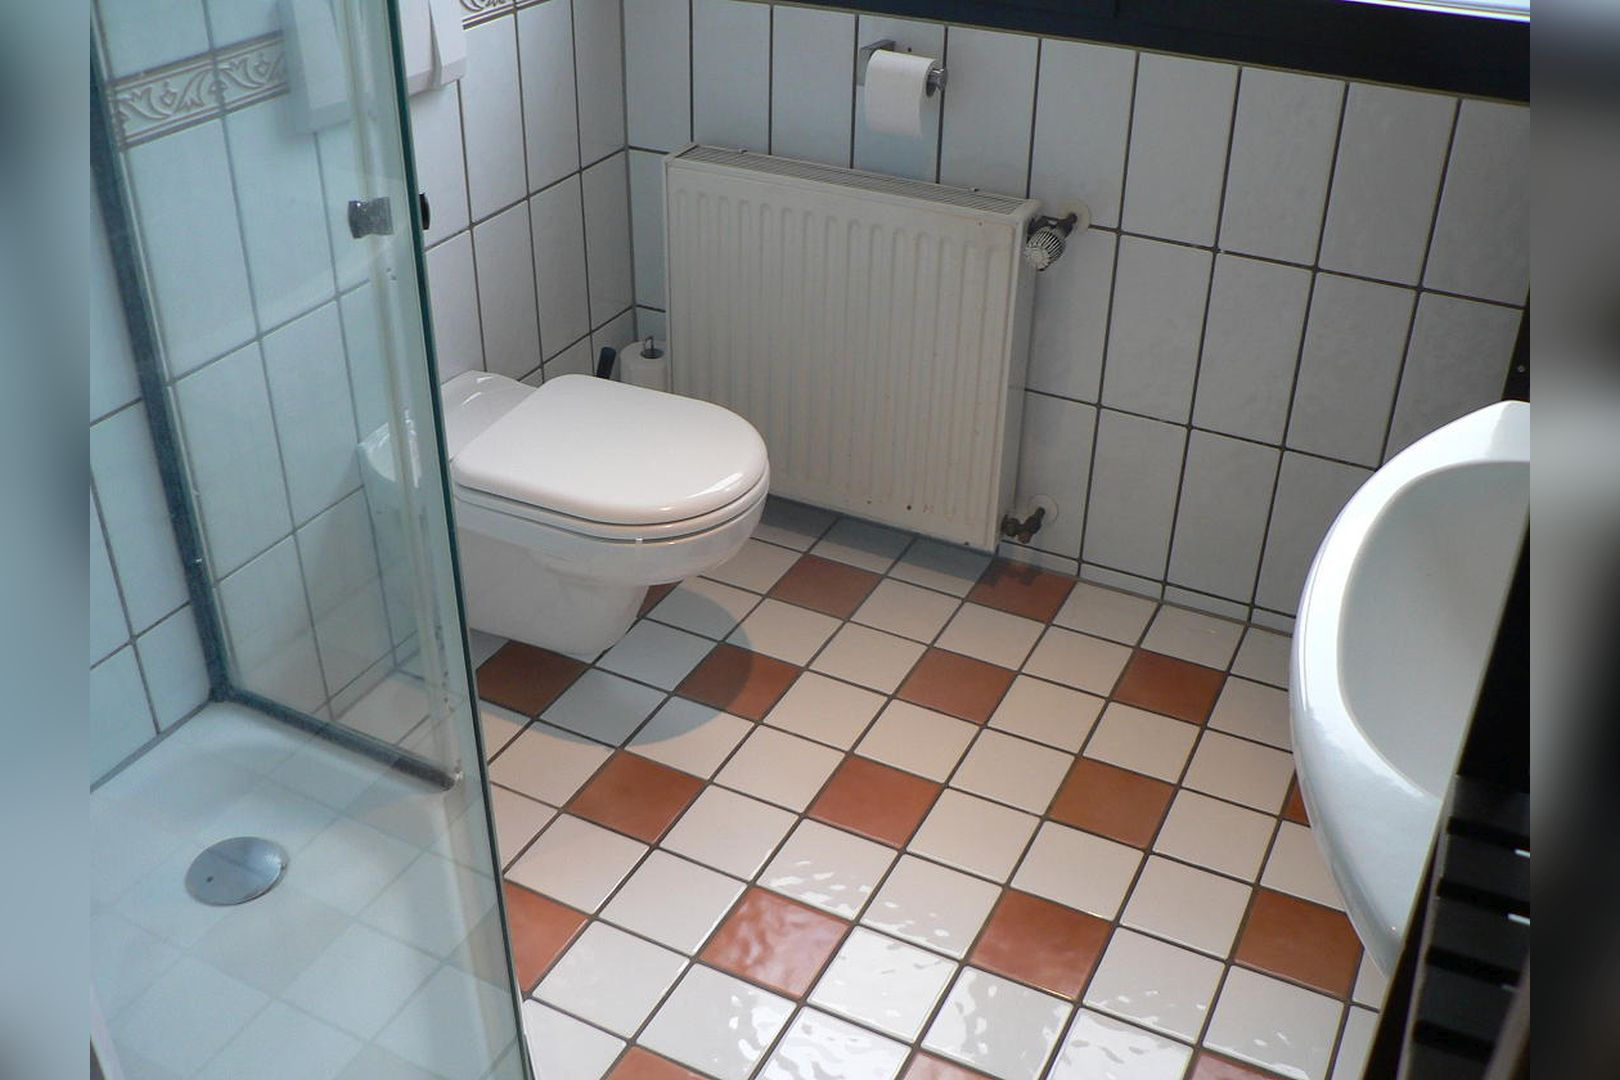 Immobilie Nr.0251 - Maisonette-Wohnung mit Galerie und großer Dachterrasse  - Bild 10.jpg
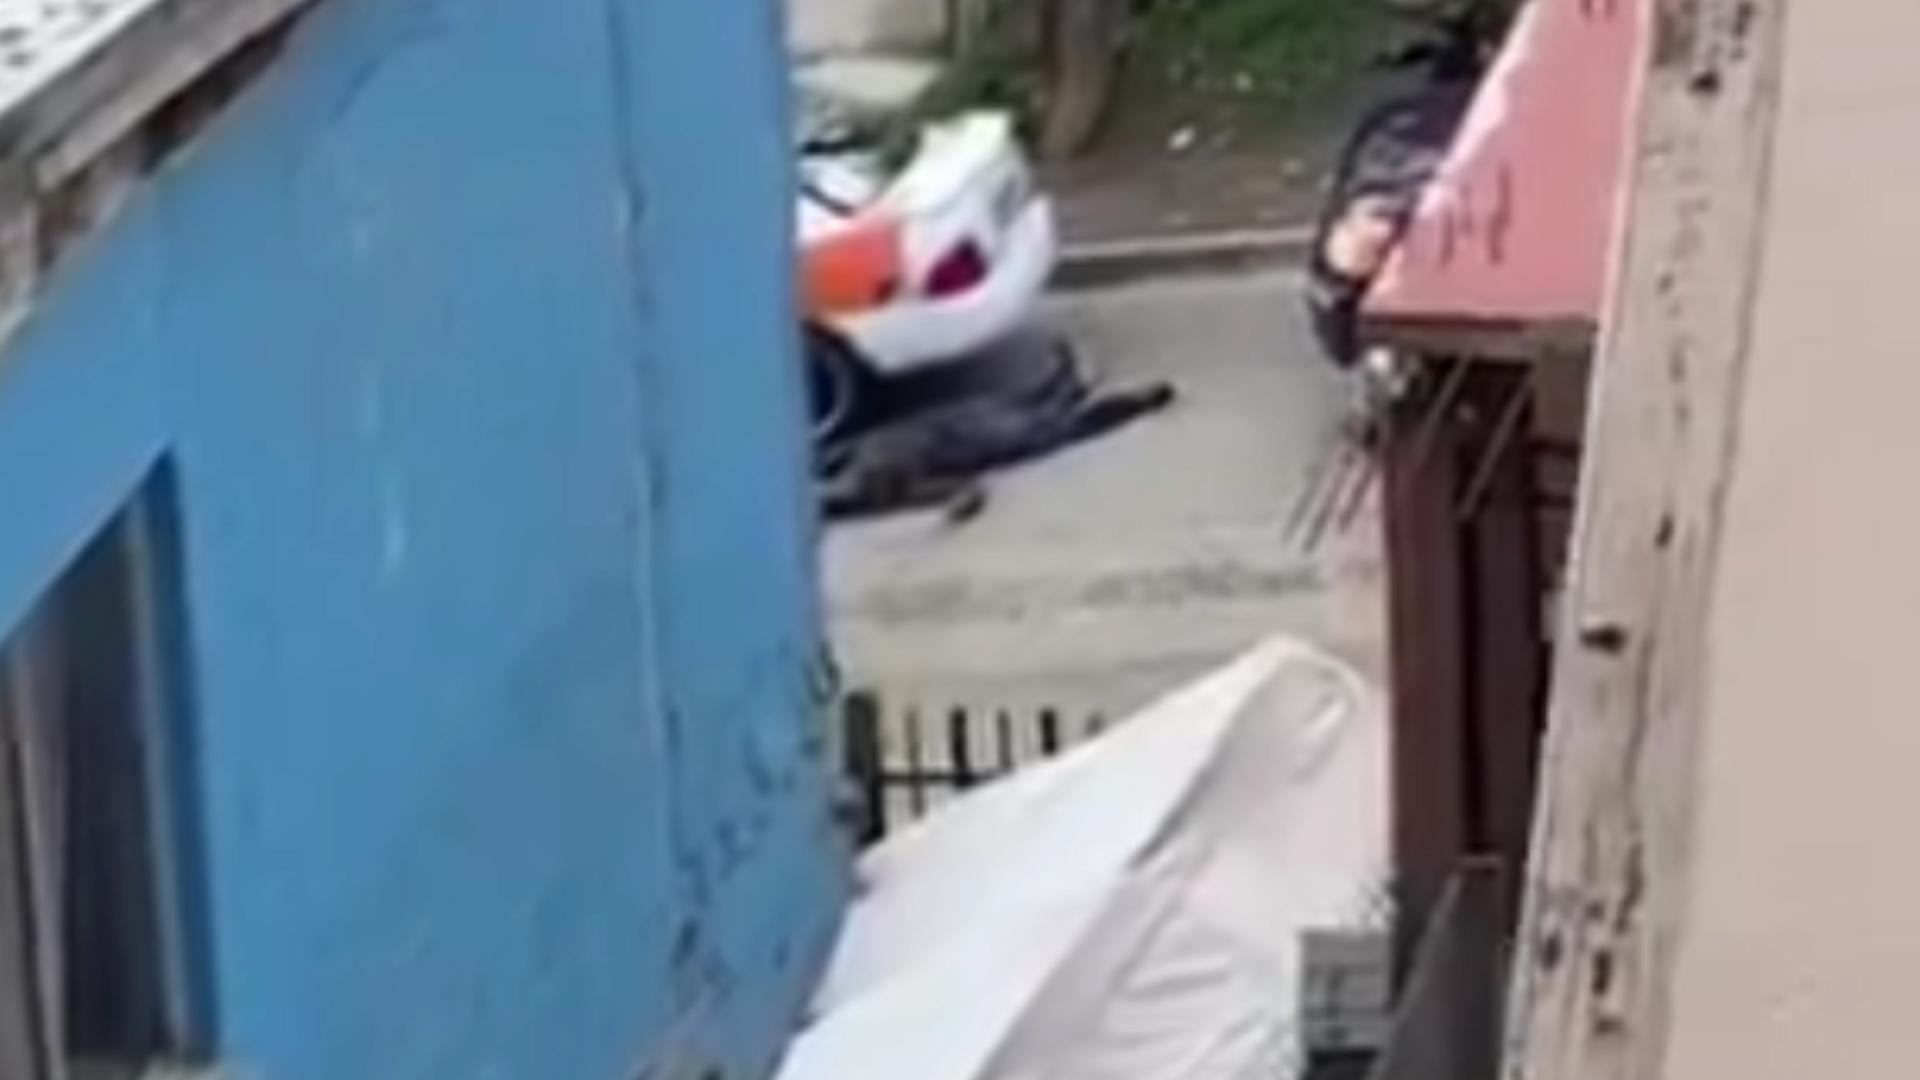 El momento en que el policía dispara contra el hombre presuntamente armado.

═══

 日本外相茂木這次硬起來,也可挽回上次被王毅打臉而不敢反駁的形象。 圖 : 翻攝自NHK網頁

═══

*PROBLEM TO WORK ON*. Give again the stretch of the entries above that begins at the line with "Immobilie Nr.0251 - Maisonette-Wohnung" and ends at the line with "El momento en", word for word, with no pictures.

*RESULT FOR THIS TASK*.
 Immobilie Nr.0251 - Maisonette-Wohnung mit Galerie und großer Dachterrasse  - Bild 10.jpg
 El momento en que el policía dispara contra el hombre presuntamente armado.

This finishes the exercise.